Download this tutorial as a Jupyter notebook

Run a Benchmark Evaluation#

Learn how to perform an evaluation job with an industry benchmark in approximately 15 minutes.

Prerequisites#

Set up the NeMo Microservices Quickstart.
A read access token for your Hugging Face account to access the benchmark dataset.
A build.nvidia.com API key for inference with a hosted model for evaluation.

Tip: Cleanup cells at the end of the notebook can be uncommented to let you delete resources if needed.

Overview#

Use case: evaluate math capabilities of a large language model.

Objectives#

By the end of this notebook, you will:

Discover industry benchmarks
Use an industry benchmark to run an evaluation job
Evaluate a model on solving grade school math word problems with the GSM8k dataset.
View evaluation results.
Download job artifacts.

# Install required packages
%pip install -q nemo-microservices ipywidgets

# Imports
import json
import os
import time

from nemo_microservices import NeMoMicroservices
from nemo_microservices.types.evaluation import EvaluationJobParamsParam, InlineModel, SystemBenchmarkOnlineJobParam

# Set variables needed for the tutorial
workspace = "my-workspace"
nvidia_api_key = os.getenv("NVIDIA_API_KEY", "<your NVIDIA API key>")
hf_token = os.getenv("HF_TOKEN", "<your readonly Hugging Face token>")
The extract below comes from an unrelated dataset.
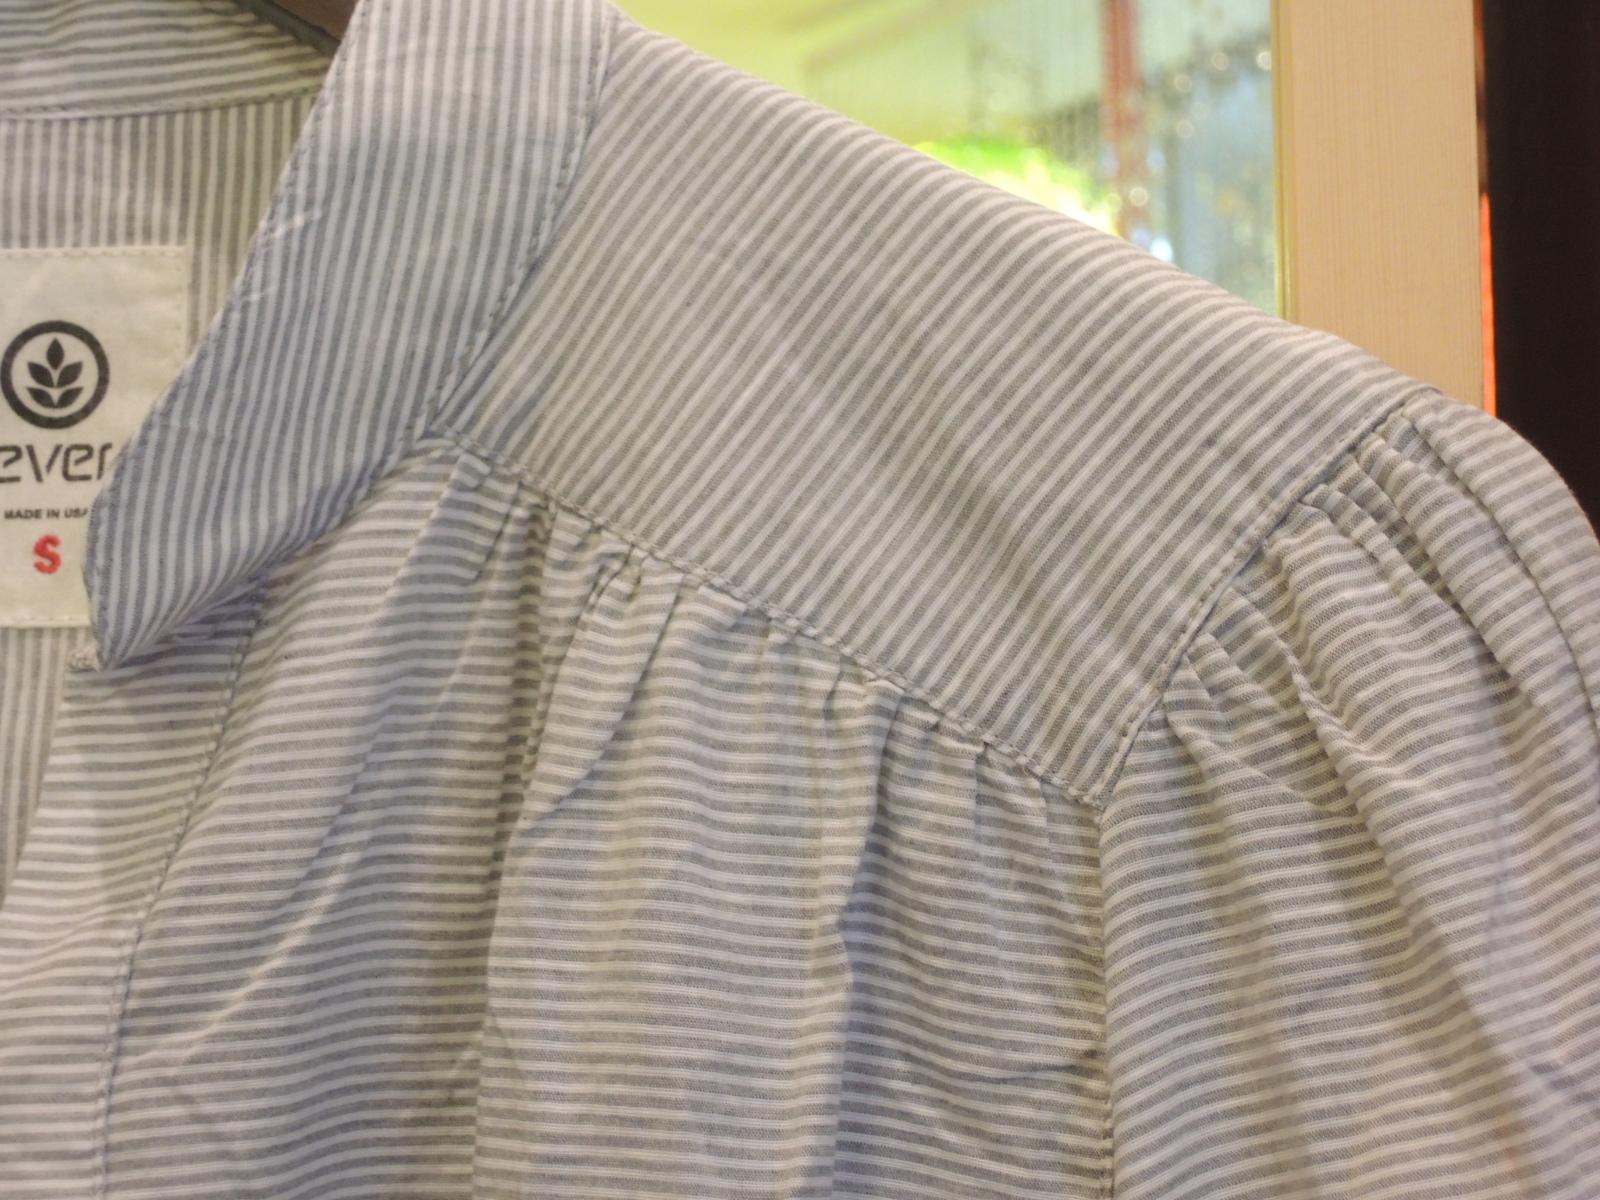 evershirts05.JPG

# Initialize the SDK client
client = NeMoMicroservices(
    base_url=os.getenv("NMP_BASE_URL"),
    workspace=workspace,
)

Create a workspace to manage your secrets and evaluation jobs.

client.workspaces.create(name=workspace)

Discover Evaluation Benchmarks#

NeMo Microservices provides ready-to-use evaluation benchmarks that are available in the reserved system workspace. They can evaluate models against published datasets on a set of pre-defined metrics.

Discover all the industry benchmarks.

all_industry_benchmarks = client.evaluation.benchmarks.list(workspace="system", page_size=200)
print("Number of available industry benchmarks:", all_industry_benchmarks.pagination.total_results)

print("Example benchmark")
print(all_industry_benchmarks.data[0].model_dump_json(indent=2, exclude_none=True))

You can filter industry benchmarks by labels like math or advanced_reasoning. View the benchmark descriptions to choose the one that suits your evaluation needs.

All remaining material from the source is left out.